A $534,700 training budget proves frontier AI models don't require massive corporate resources anymore
Open-source models with million-token context windows change the cost equation for enterprise AI deployments

❓ Frequently Asked Questions

Q: What does "open source" mean for businesses using MiniMax-M1?

A: The Apache 2.0 license lets businesses use, modify, and deploy M1 commercially without paying fees or royalties. Companies can train custom versions, integrate it into products, and even sell services built on top of it without restrictions.

Q: How much does it cost to run MiniMax-M1 compared to other AI models?

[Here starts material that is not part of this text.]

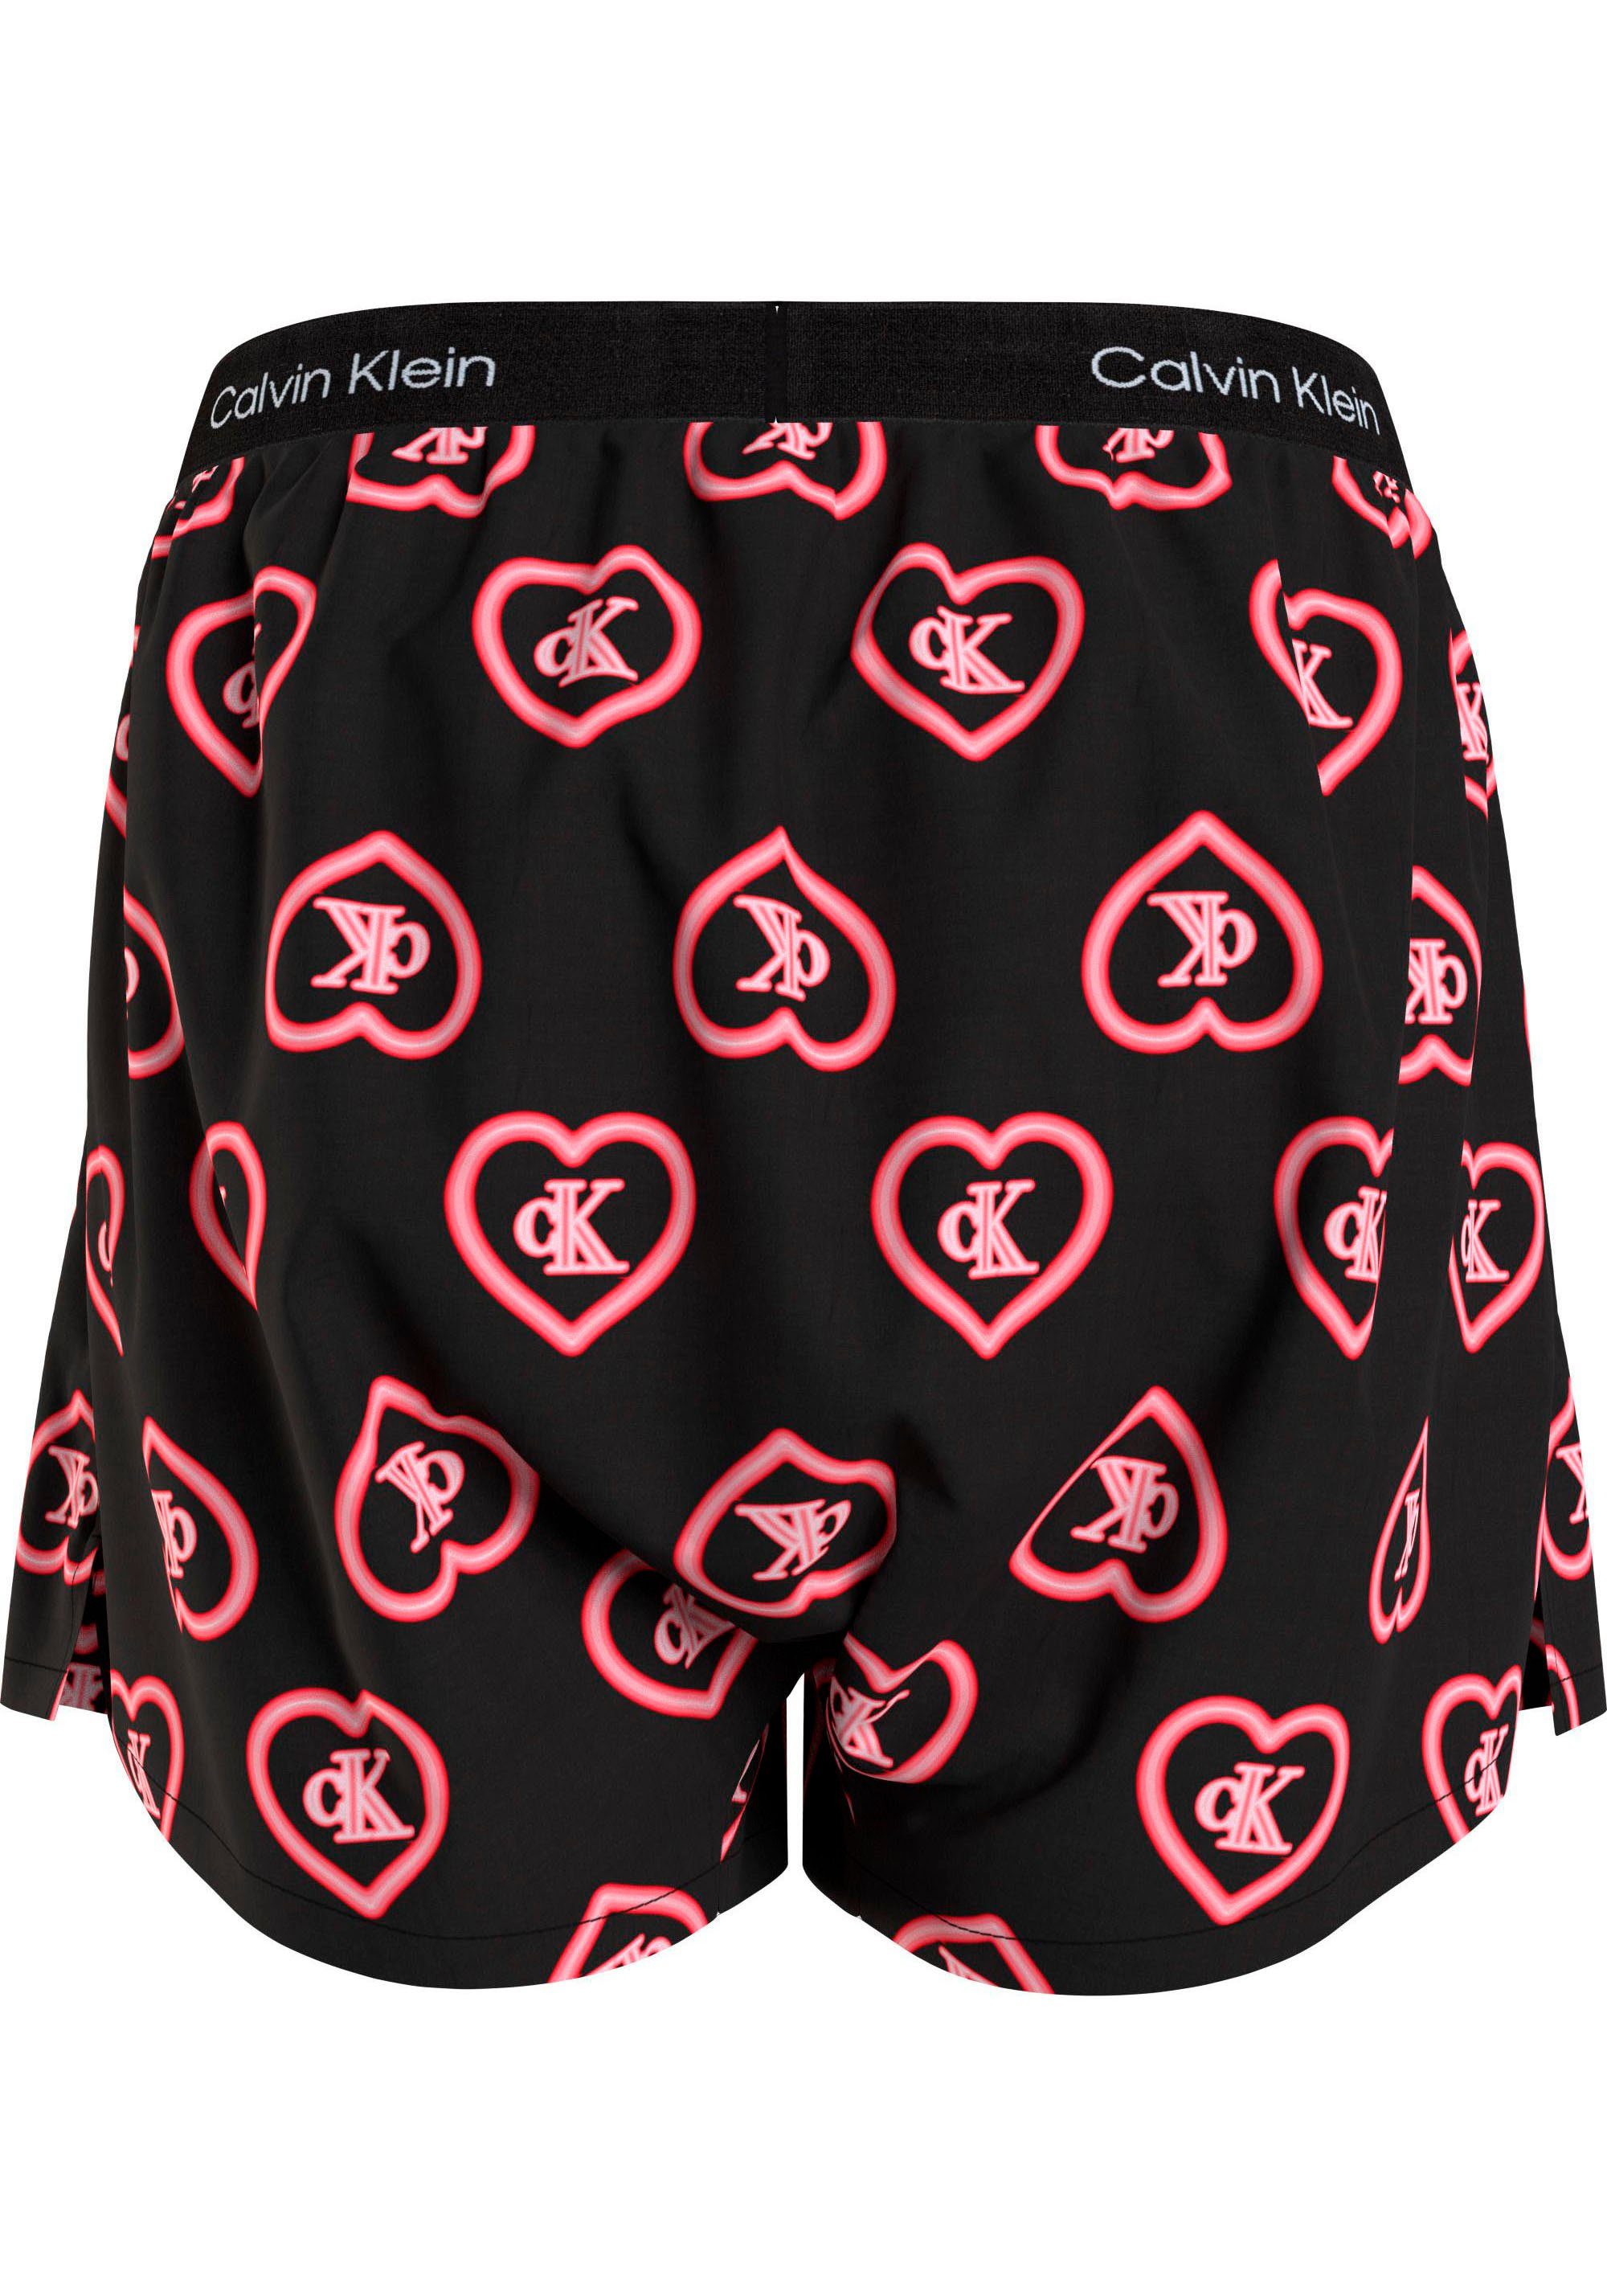 Calvin mit TRADITIONAL Pyjamashorts Print Underwear Klein BOXER

A: M1 uses only 25% of the computing power that DeepSeek R1 needs for the same tasks. At 100,000 tokens, this translates to roughly 75% lower inference costs. The exact savings depend on your cloud provider and usage patterns.

Q: What's the difference between the M1-40k and M1-80k versions?

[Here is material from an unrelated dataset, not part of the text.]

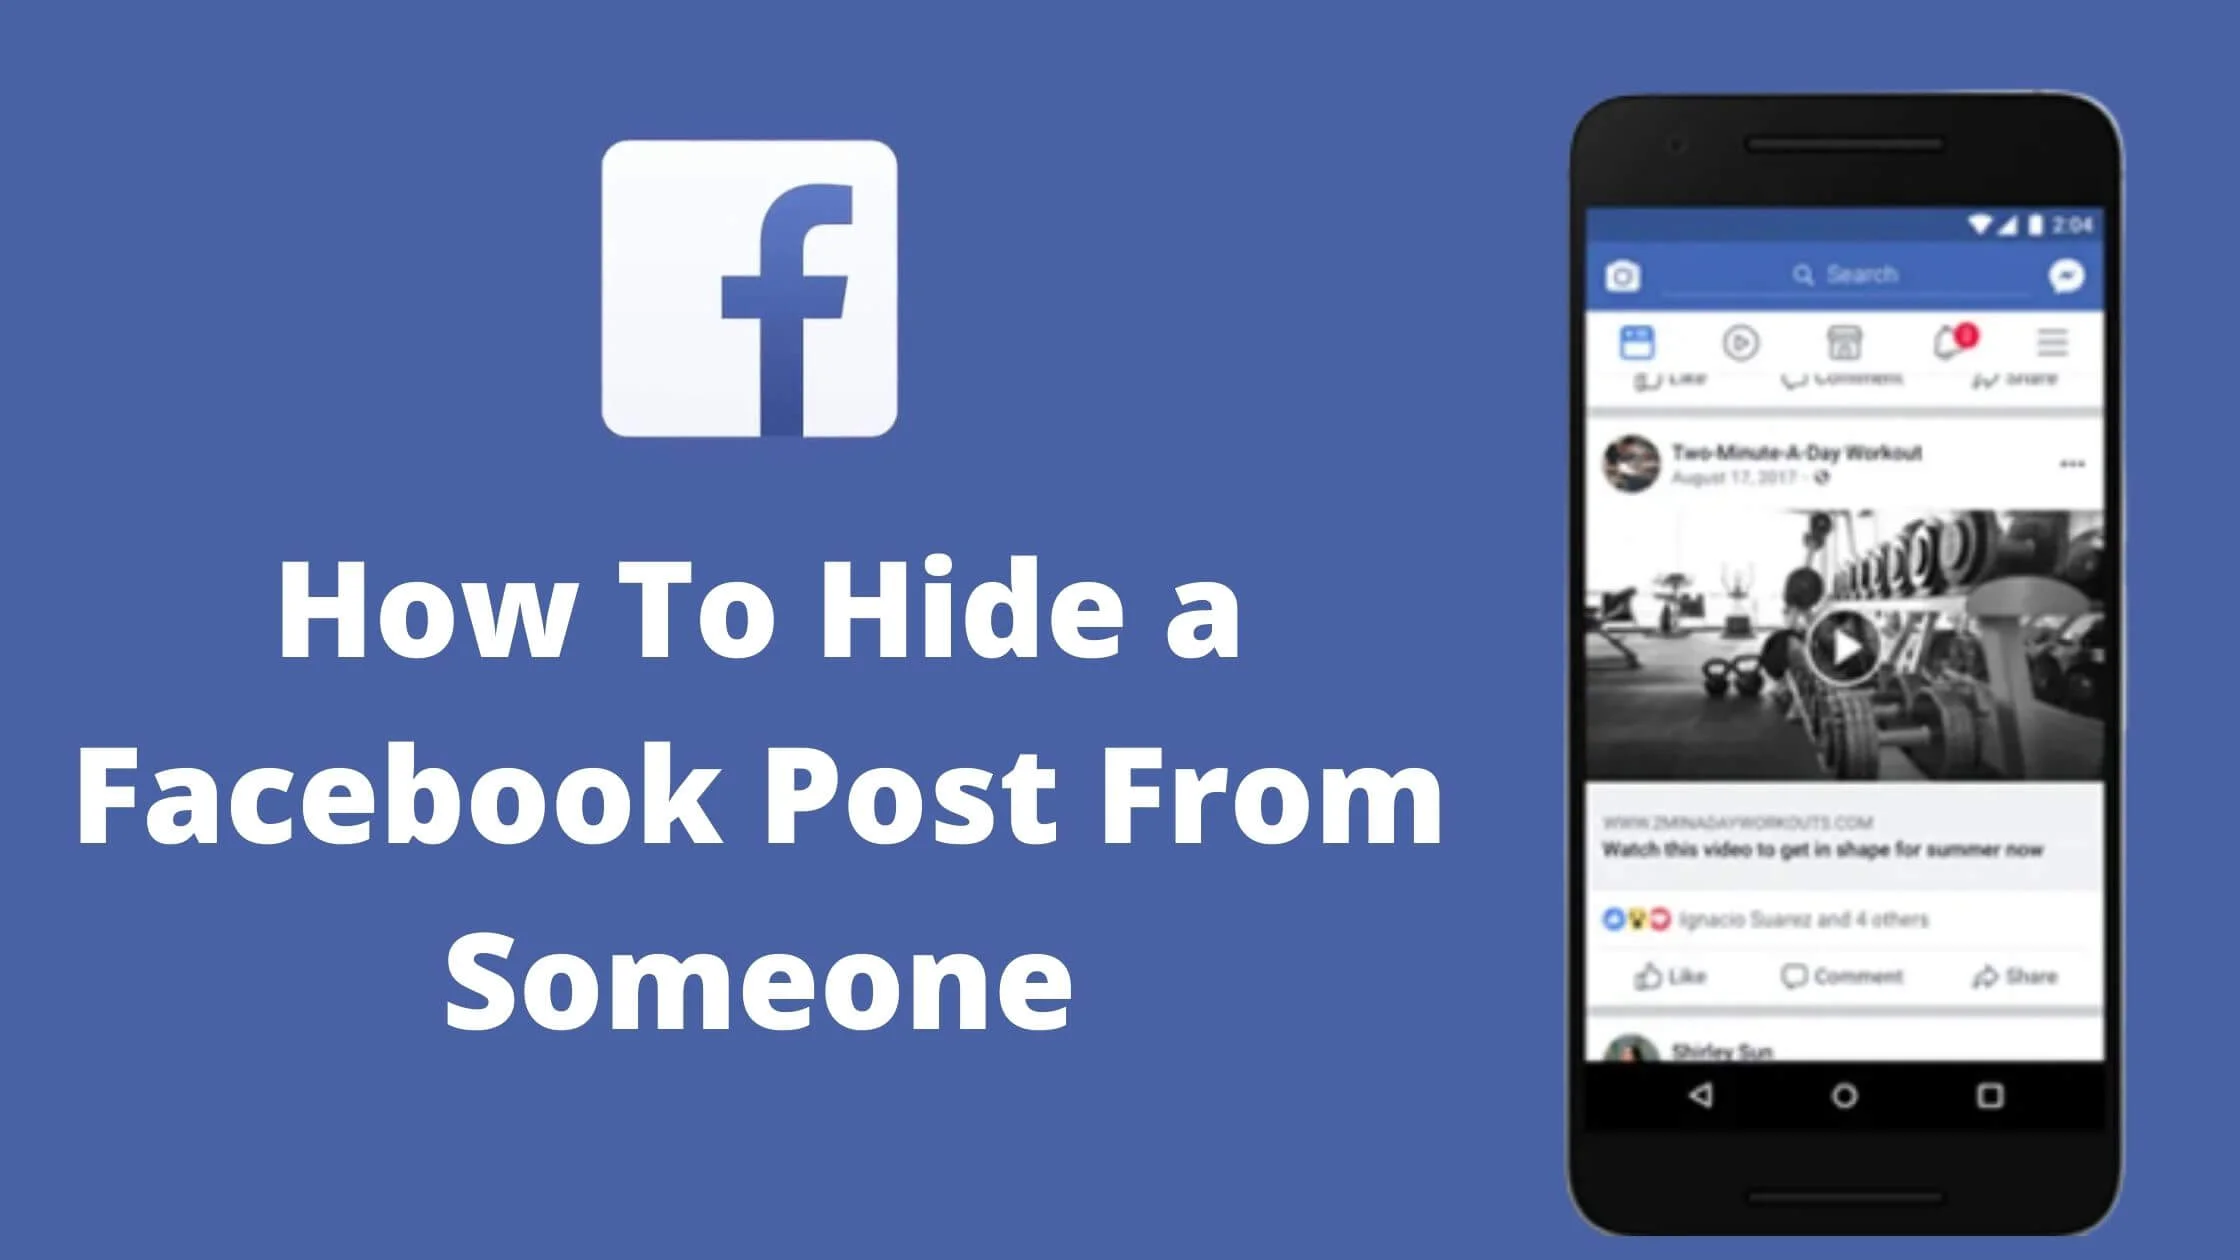 Hide a Facebook Post

A: The numbers refer to "thinking budgets" - how many tokens the model can use for internal reasoning before giving an answer. M1-80k can think longer about complex problems, leading to slightly better performance on math and coding tasks.

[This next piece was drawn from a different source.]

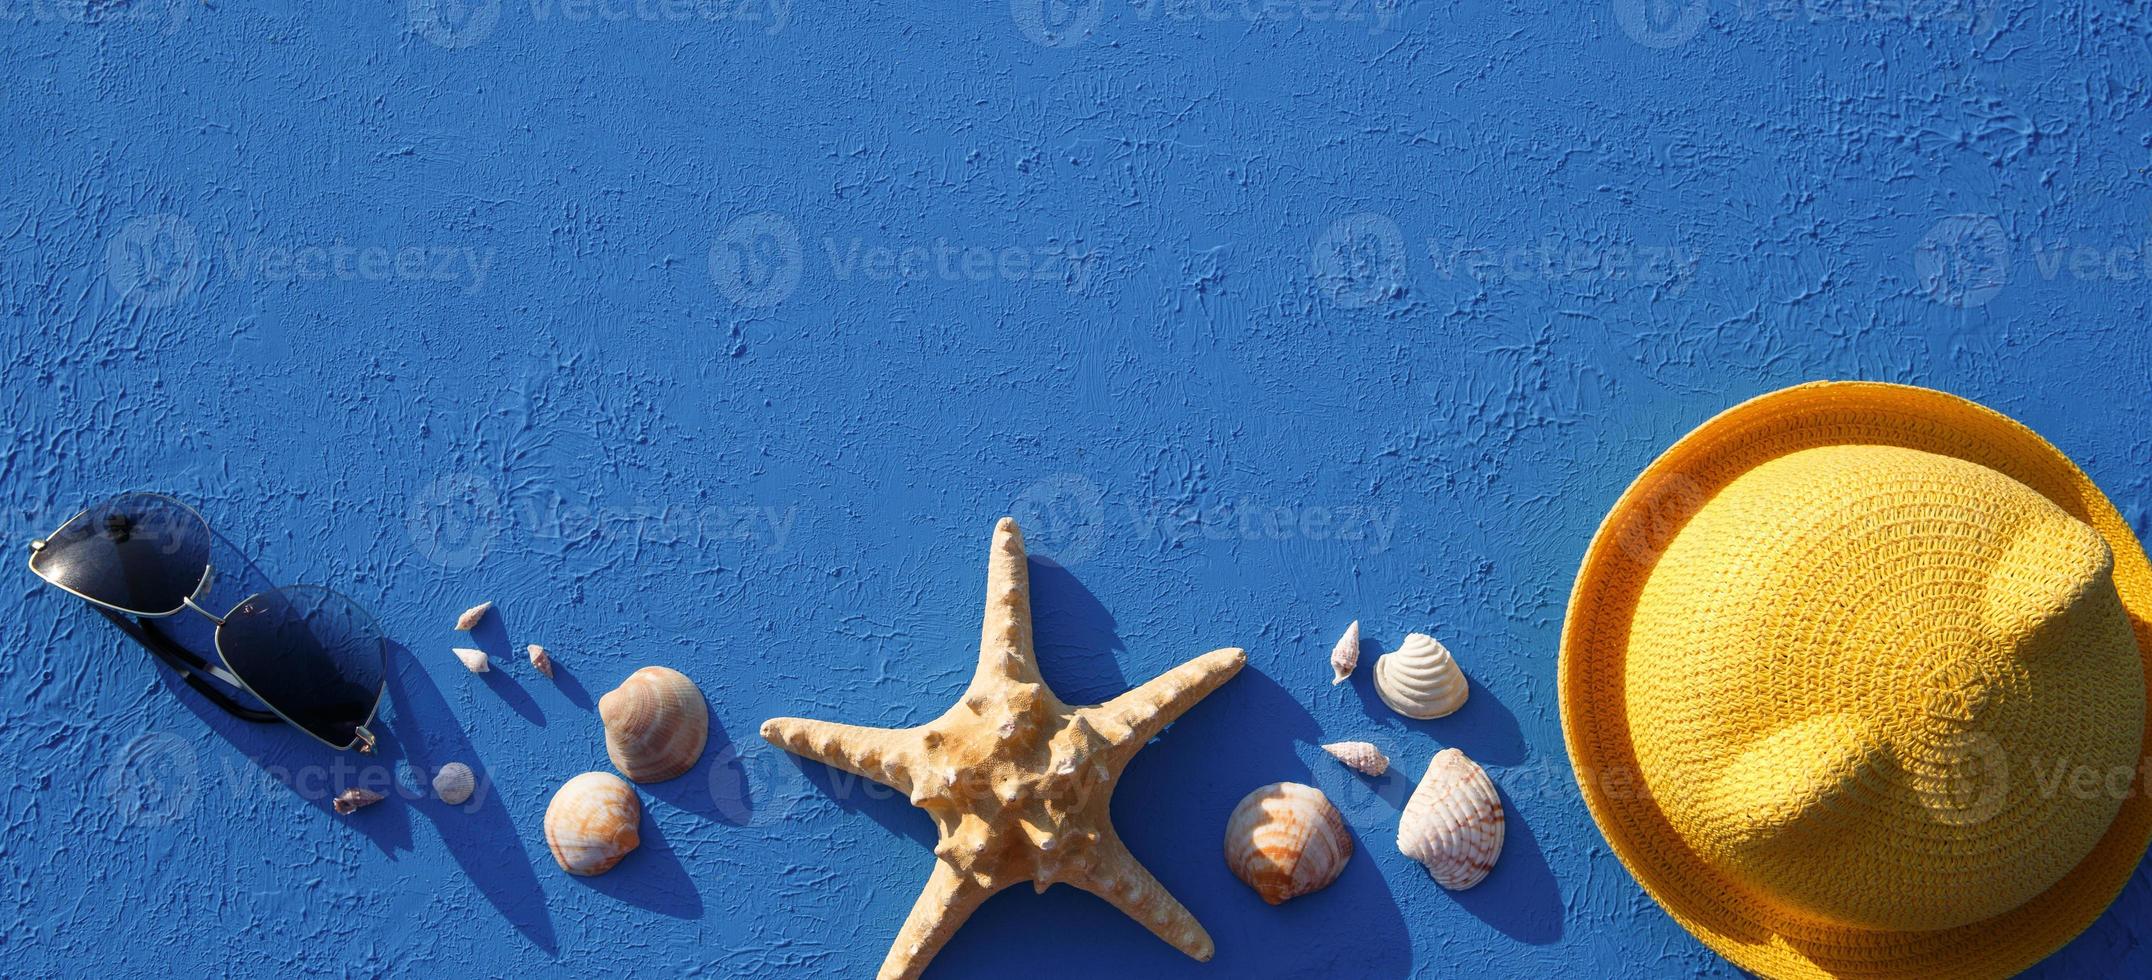 marco con accesorios de playa sobre un tema náutico sombrero de paja amarillo, gafas de sol, estrellas de mar y conchas sobre un fondo azul. concepto de vacaciones, viaje por mar, protección uv, natación. copie el espacio plano foto

Q: Can MiniMax-M1 really process a million tokens at once?

A: Yes. A million tokens equals roughly 750,000 words - about three average novels. The model can analyze entire books, legal documents, or code repositories in a single session without losing context.

Q: What hardware do I need to run MiniMax-M1?

A: The model has 456 billion parameters total but only activates 45.9 billion per token. You'll need high-end GPUs with substantial VRAM. MiniMax recommends using vLLM for deployment, which optimizes memory usage and batch processing.

Q: Who are the "Little Dragons" that MiniMax belongs to?

A: The Little Dragons are six Chinese AI startups backed by Tencent and Alibaba. They raised billions in venture funding but most cut research after DeepSeek's success. MiniMax appears to be taking a different approach by focusing on efficiency.

Q: How does the CISPO training algorithm work?

A: CISPO clips importance sampling weights instead of token updates during reinforcement learning. This technical change helps the model learn more efficiently, contributing to the remarkably low $534,700 training cost compared to typical frontier model budgets.

Q: What other products is MiniMax announcing during "MiniMaxWeek"?

A: The company hasn't revealed specifics yet. MiniMax already offers Hailuo for video generation and various AI companion apps. Based on their pattern, expect tools that complement M1's reasoning capabilities or expand their developer ecosystem.